I didn’t have time to research that question.

Researching the World

Tuesday, March 15th, 2011

I’ve mentioned in the past that I do bedtime stories to fall asleep. These used to be the Work In Progress (WIP) until it started causing insomnia. Whenever I came up with a good sentence that I wanted to use, I’d stress myself up trying to make sure I remembered it when I woke up in the morning. That’s when I decided to switch to stories I knew I’d never write.

Only now I am going to write one of them as a short story.

It’s not too weird because I’m used to getting information this way, but what I find interesting is the world building. Details have become set in my mind because of the years of running pieces of the story at night and now I have to find ways to make them work logically and realistically.

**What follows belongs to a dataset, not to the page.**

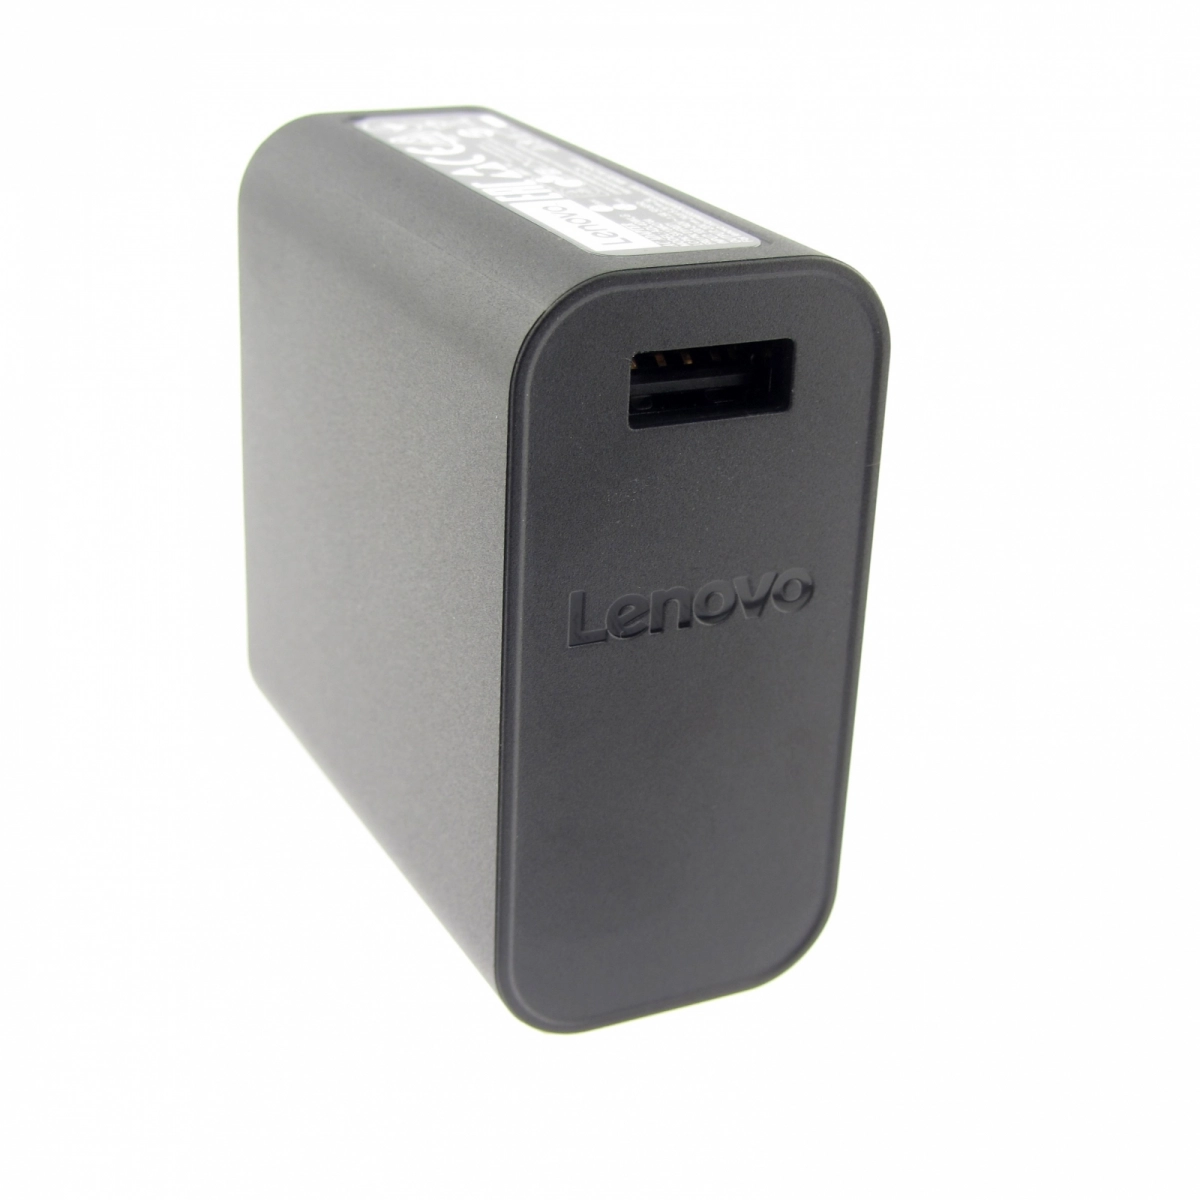 Original Netzteil für LENOVO ADL40WDH 36200616, 20V, 2A, Stecker USB, ohne USB-Kabel

This isn’t quite as easy as it seems. Oh, some of it is coming together. There’s been a couple of vague ideas that research has nailed down perfectly. I think I might have happy dog danced when I discovered I could use those elements.

Other pieces of information are proving more elusive. Writers sometimes have weird questions and it’s not always easy to find answers. That’s where I’m at now, trying to hammer down a few more details.

Some of these pieces are things that will never come up in the story because the hero and heroine don’t know them, but I need to know them to build the world.

And world building is critically important. I read a story recently where the author had me rolling my eyes as I read details of her world. I never want anyone to do that when they read my stories. Since this world is predicated on something that’s never happened in the recorded history of mankind, it won’t be easy to find everything I need to know. What I plan on doing is learning as much as I can and logically extrapolate from there.

Research Head Rushes

Sunday, January 16th, 2011

I’ve been mostly writing a synopsis for the last week, but I’ve also needed to do some research, not only for the story I’m working on now, but the one that’s next up. I hope to transition by Feb 1 to the new project and need information to hang the story on.

The thing that’s so awesome about research is it can bring in new threads to the story that I was unaware of before I found out more information. I had exciting things pop up on both projects and that is so cool!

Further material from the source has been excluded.